**What you should do**:
The pictures in the data below are to be omitted; all else must be duplicated exactly.

**Data below**:
+ + + + + + +

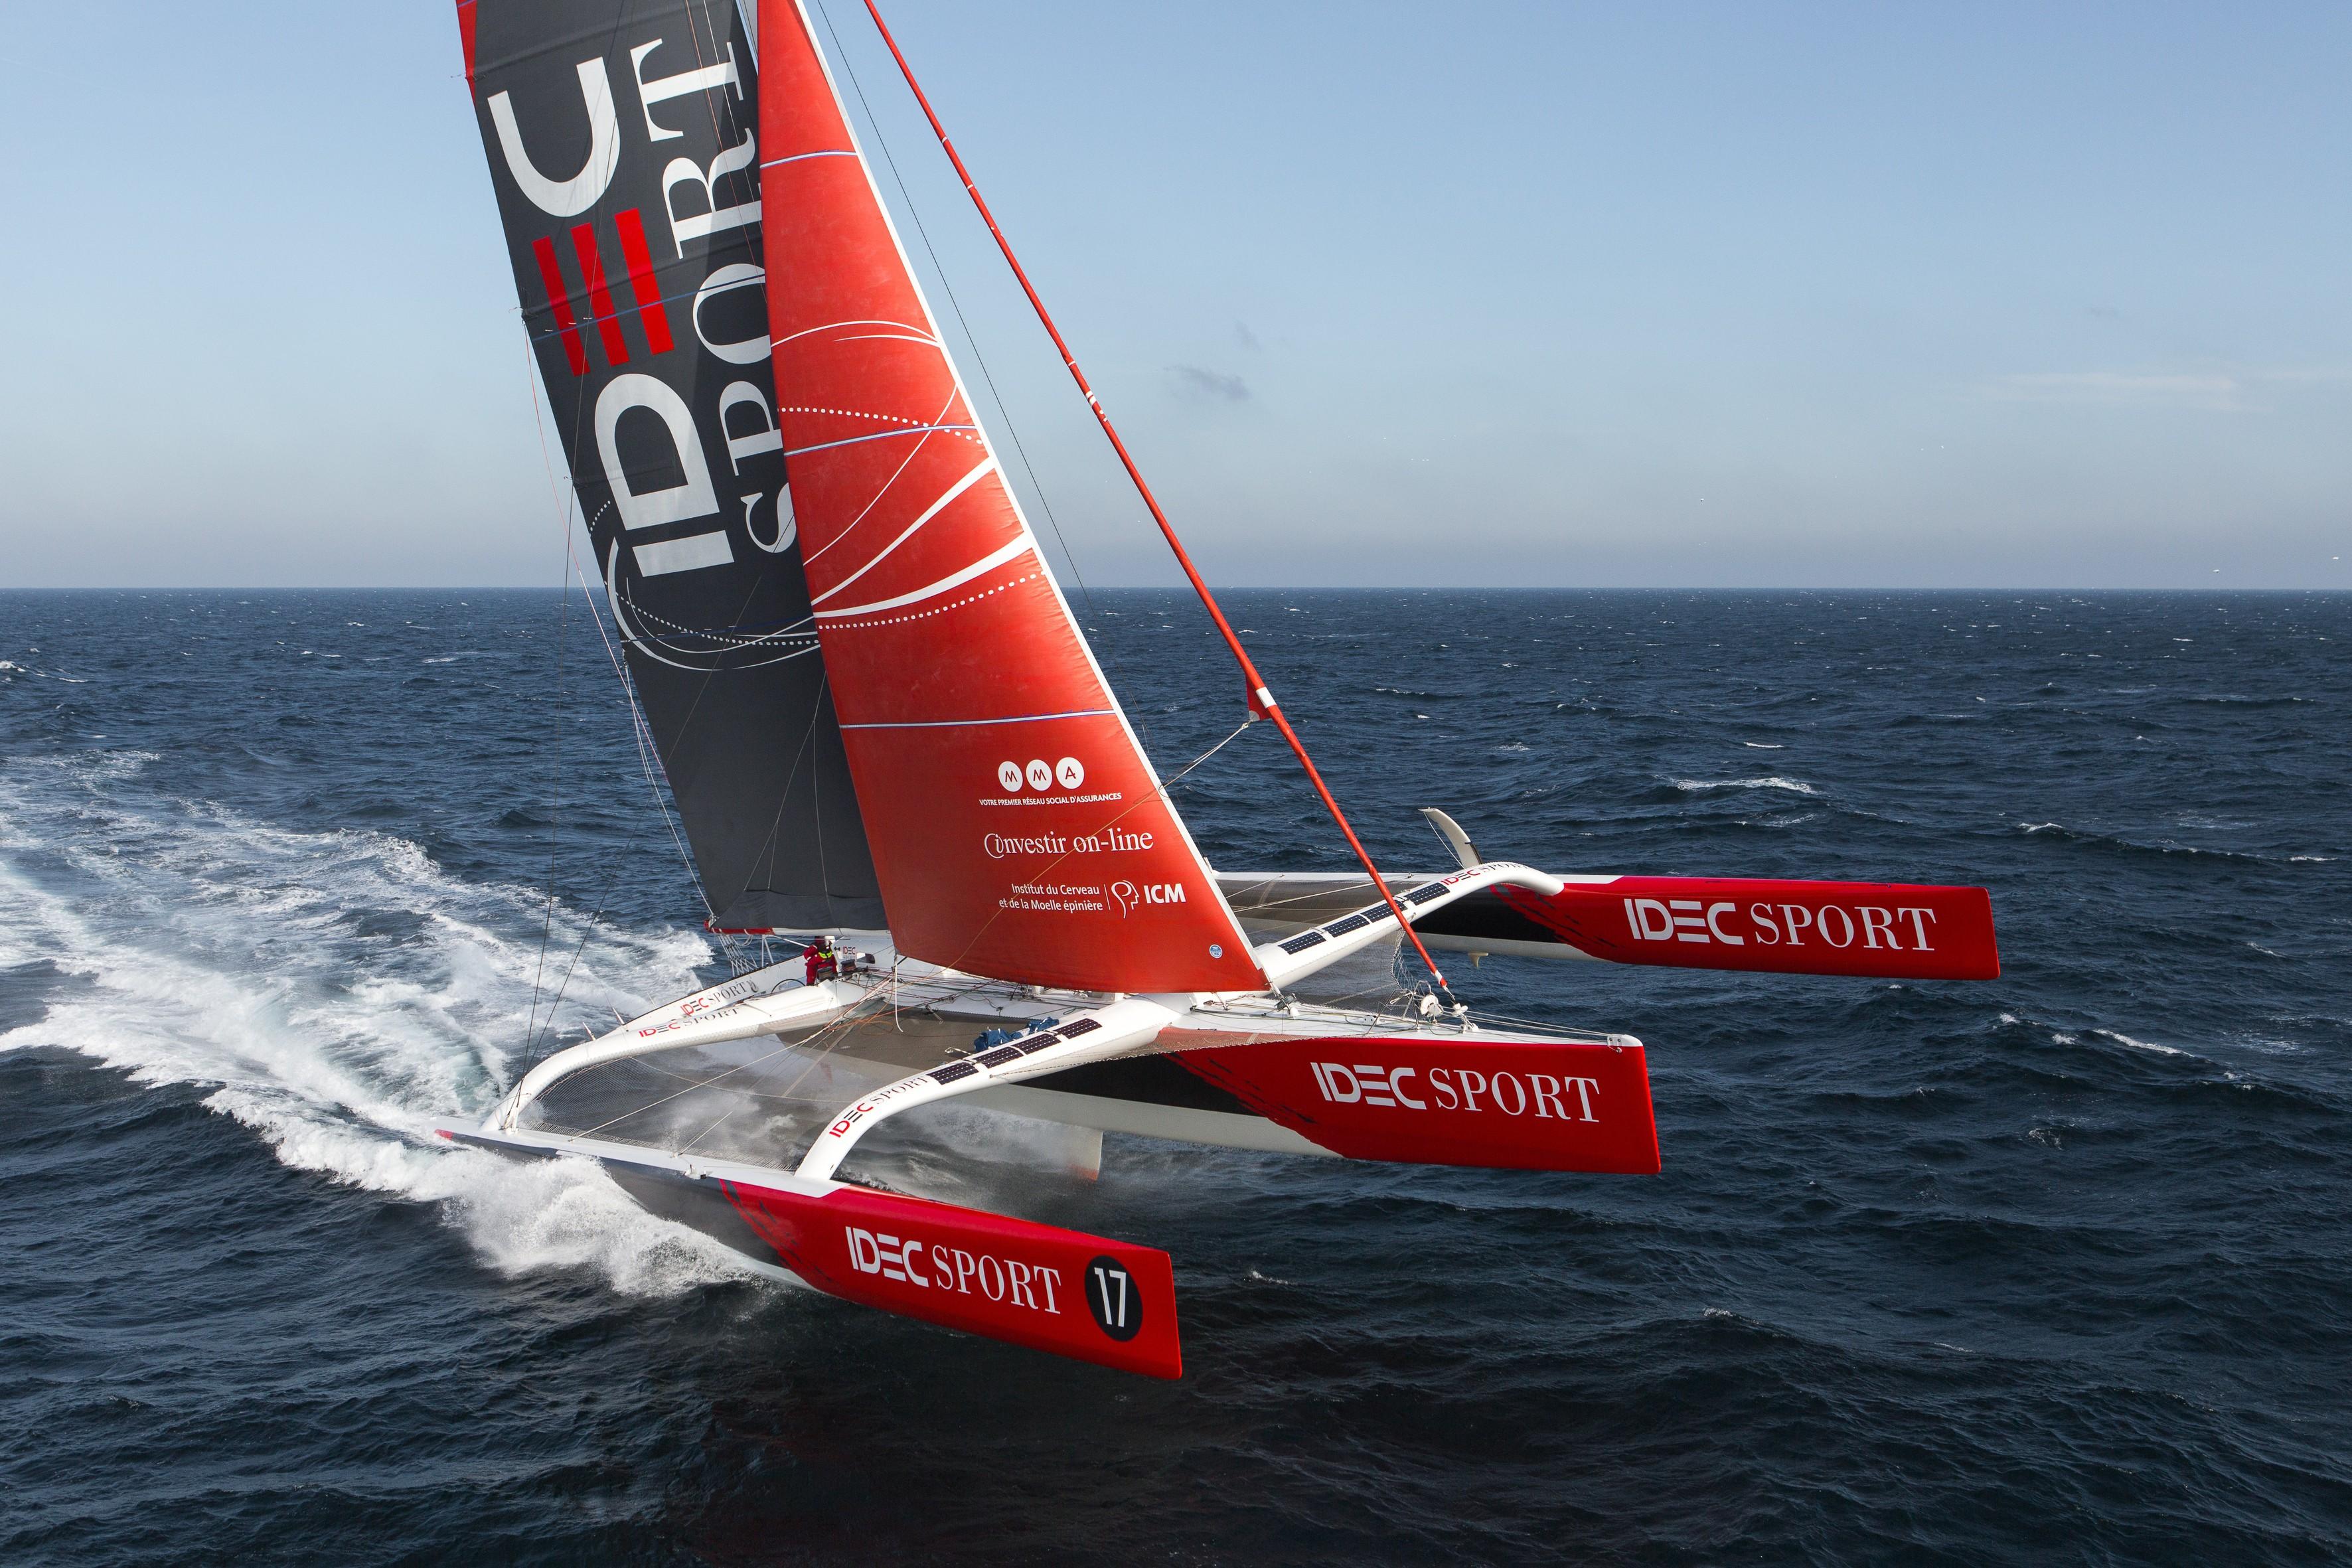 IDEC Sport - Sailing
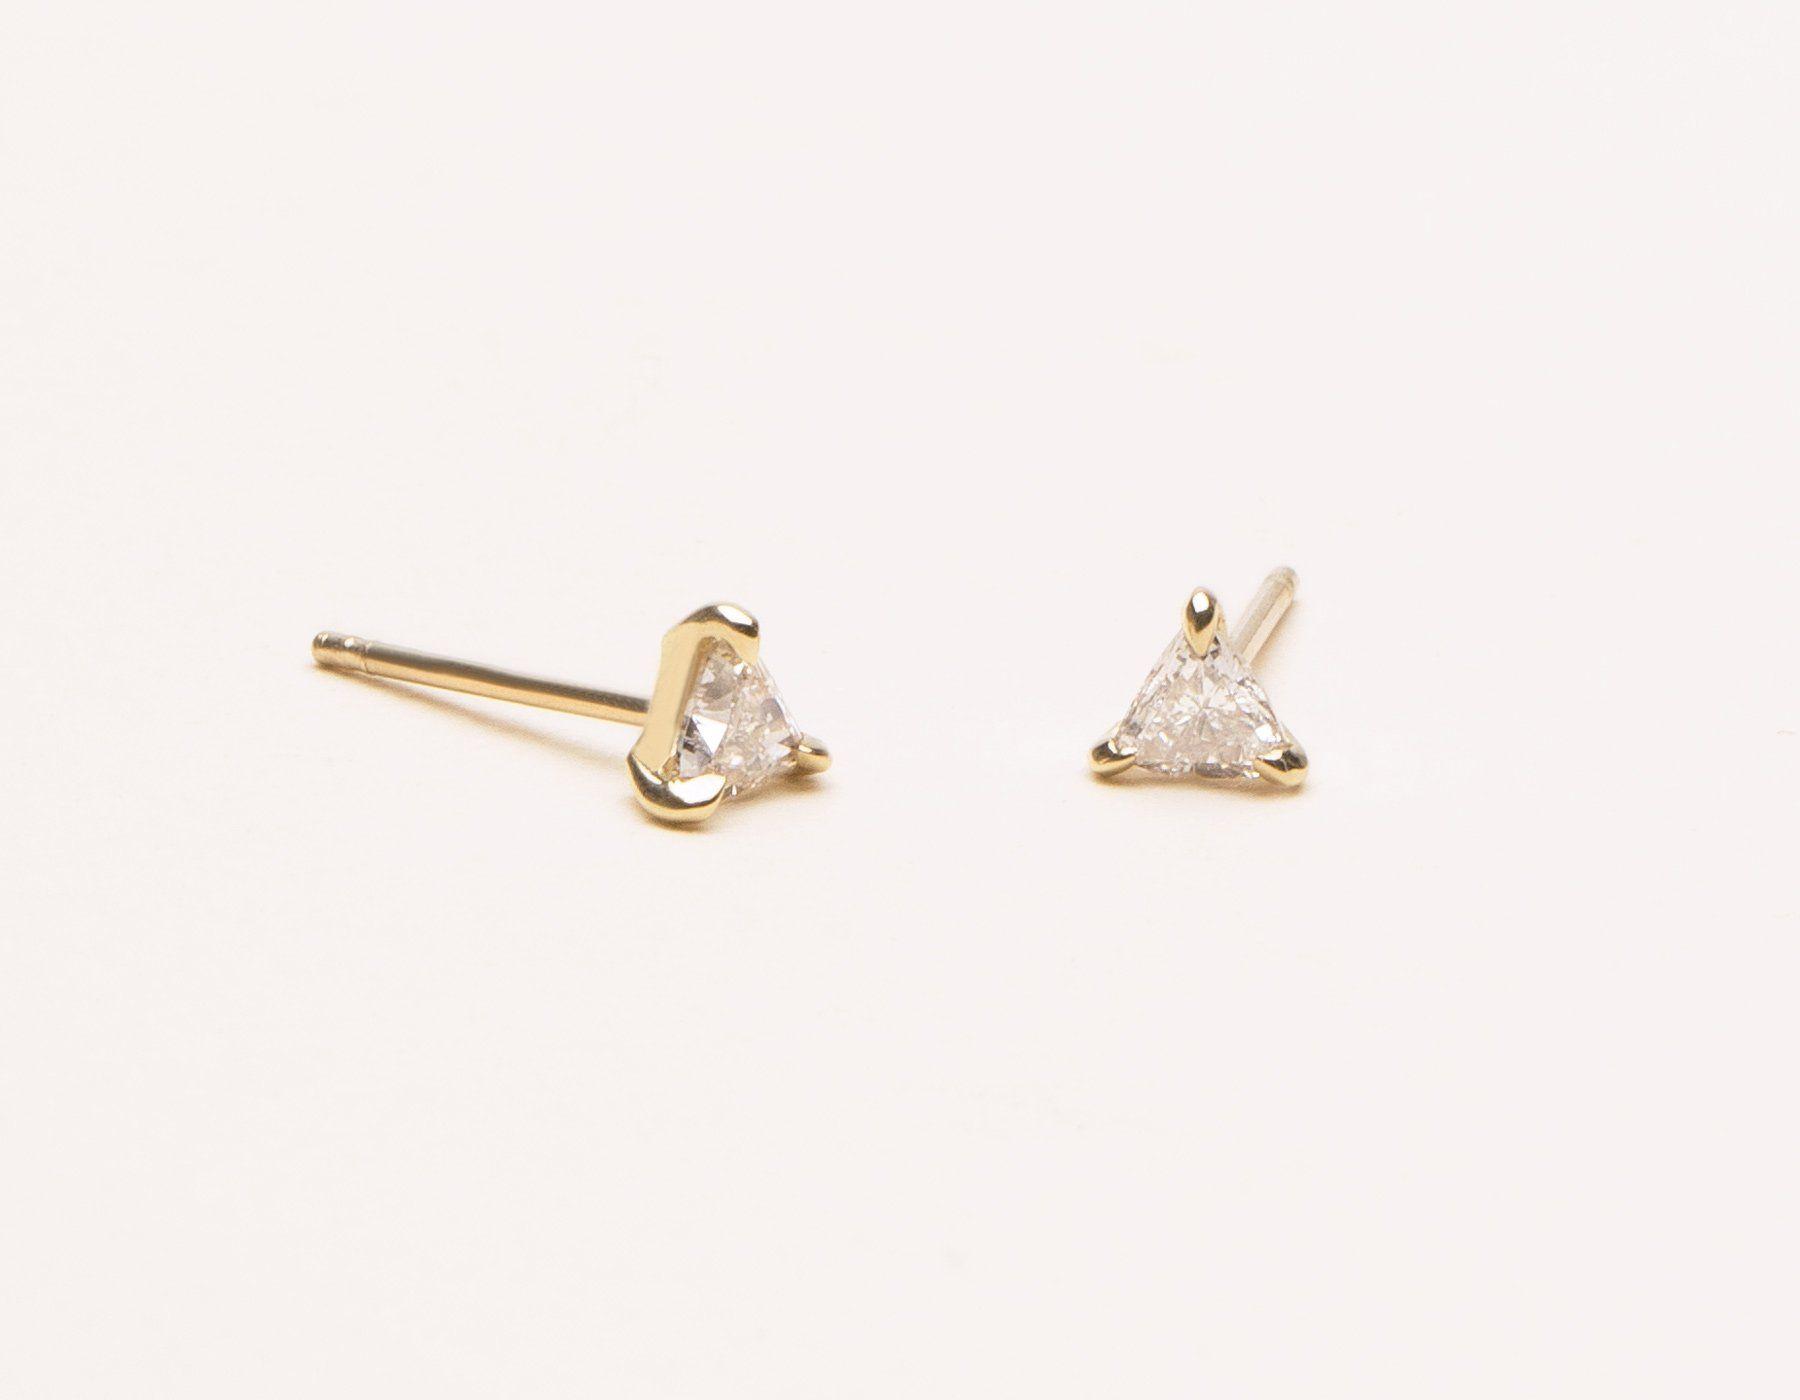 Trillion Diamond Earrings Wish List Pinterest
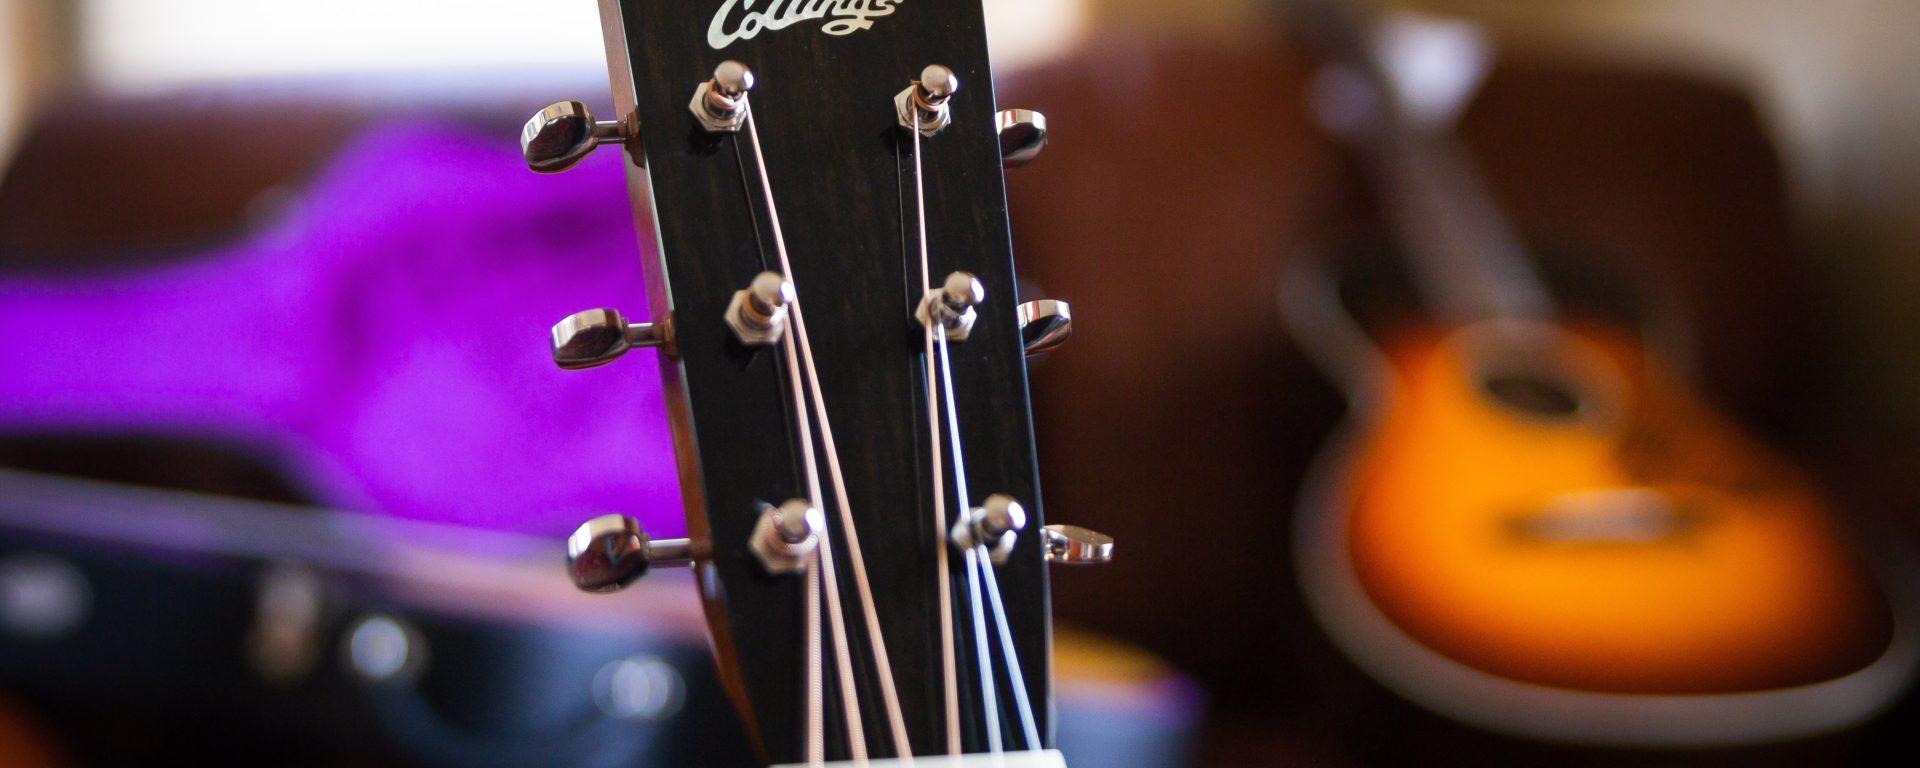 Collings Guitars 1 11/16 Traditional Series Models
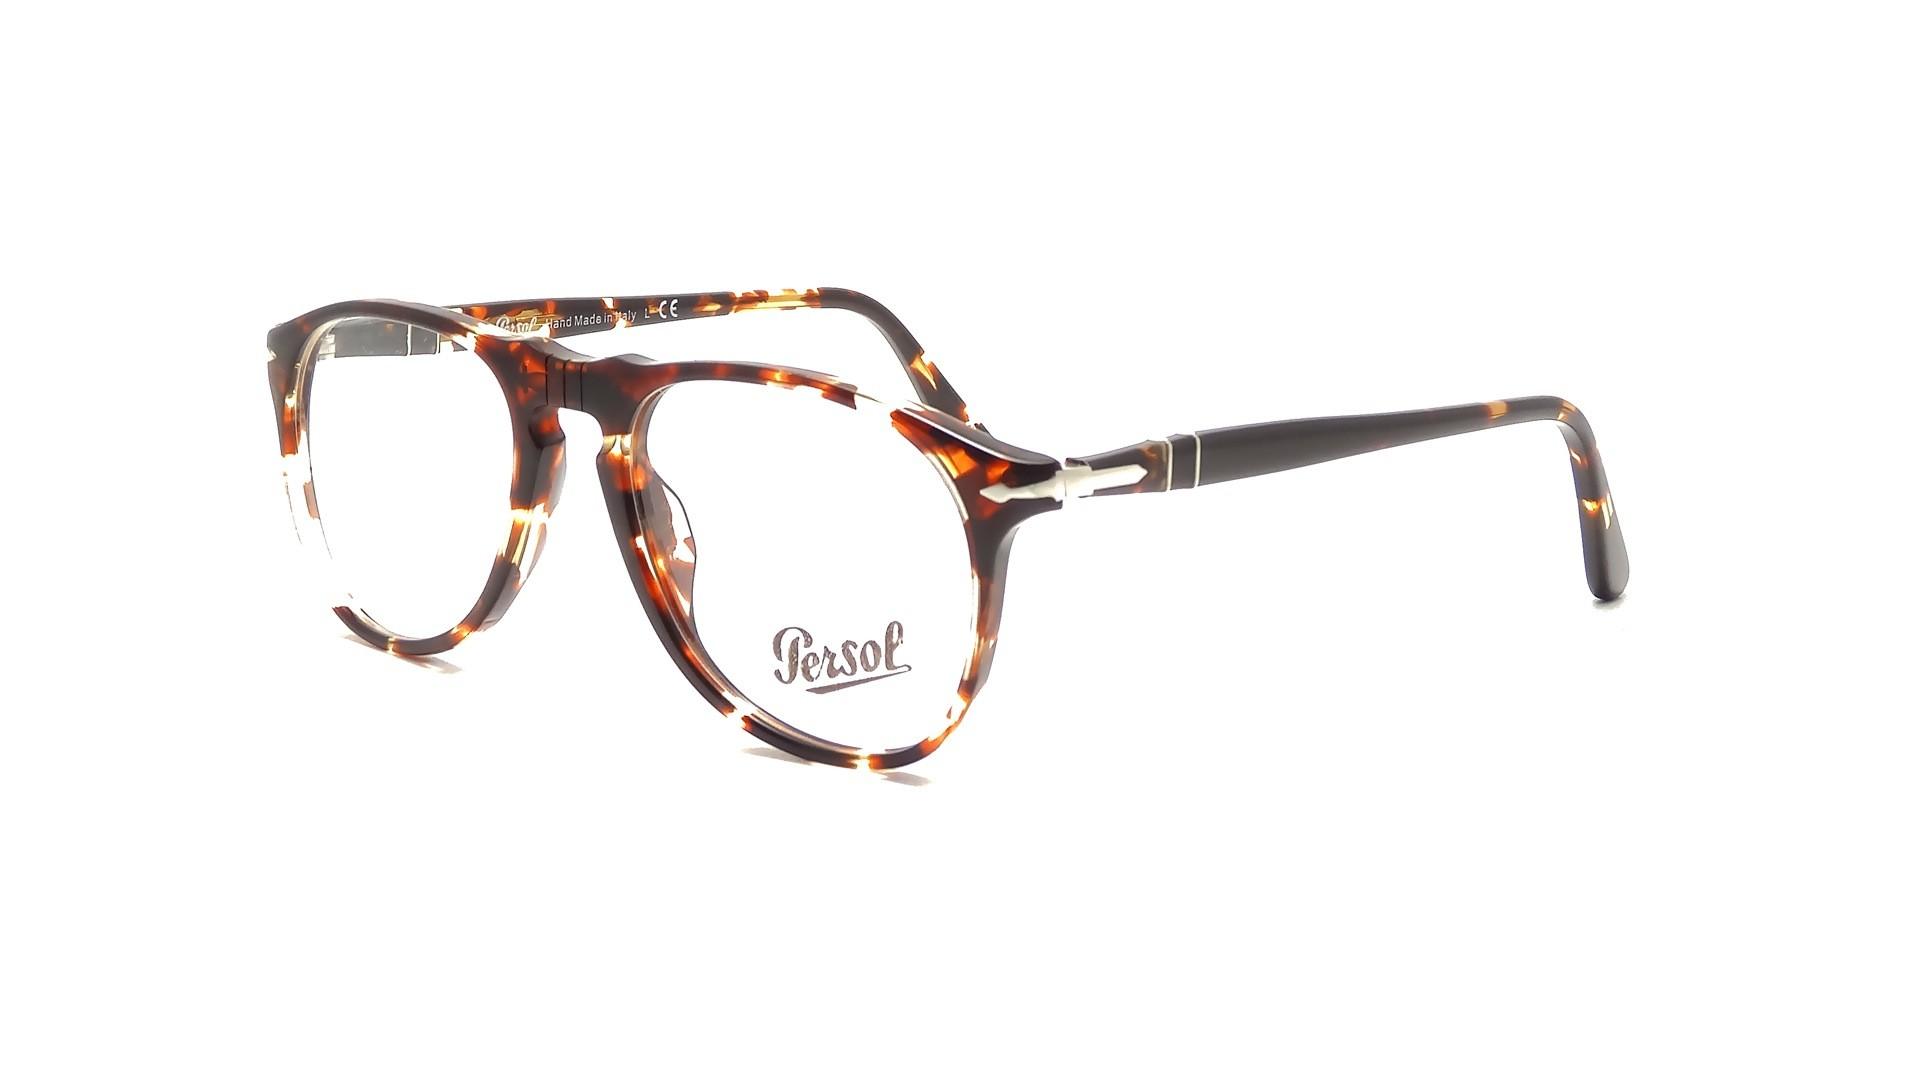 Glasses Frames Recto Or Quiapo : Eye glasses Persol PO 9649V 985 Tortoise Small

+ + + + + + +

**Task response**:
 IDEC Sport - Sailing
 Trillion Diamond Earrings Wish List Pinterest
 Collings Guitars 1 11/16 Traditional Series Models
 Glasses Frames Recto Or Quiapo : Eye glasses Persol PO 9649V 985 Tortoise Small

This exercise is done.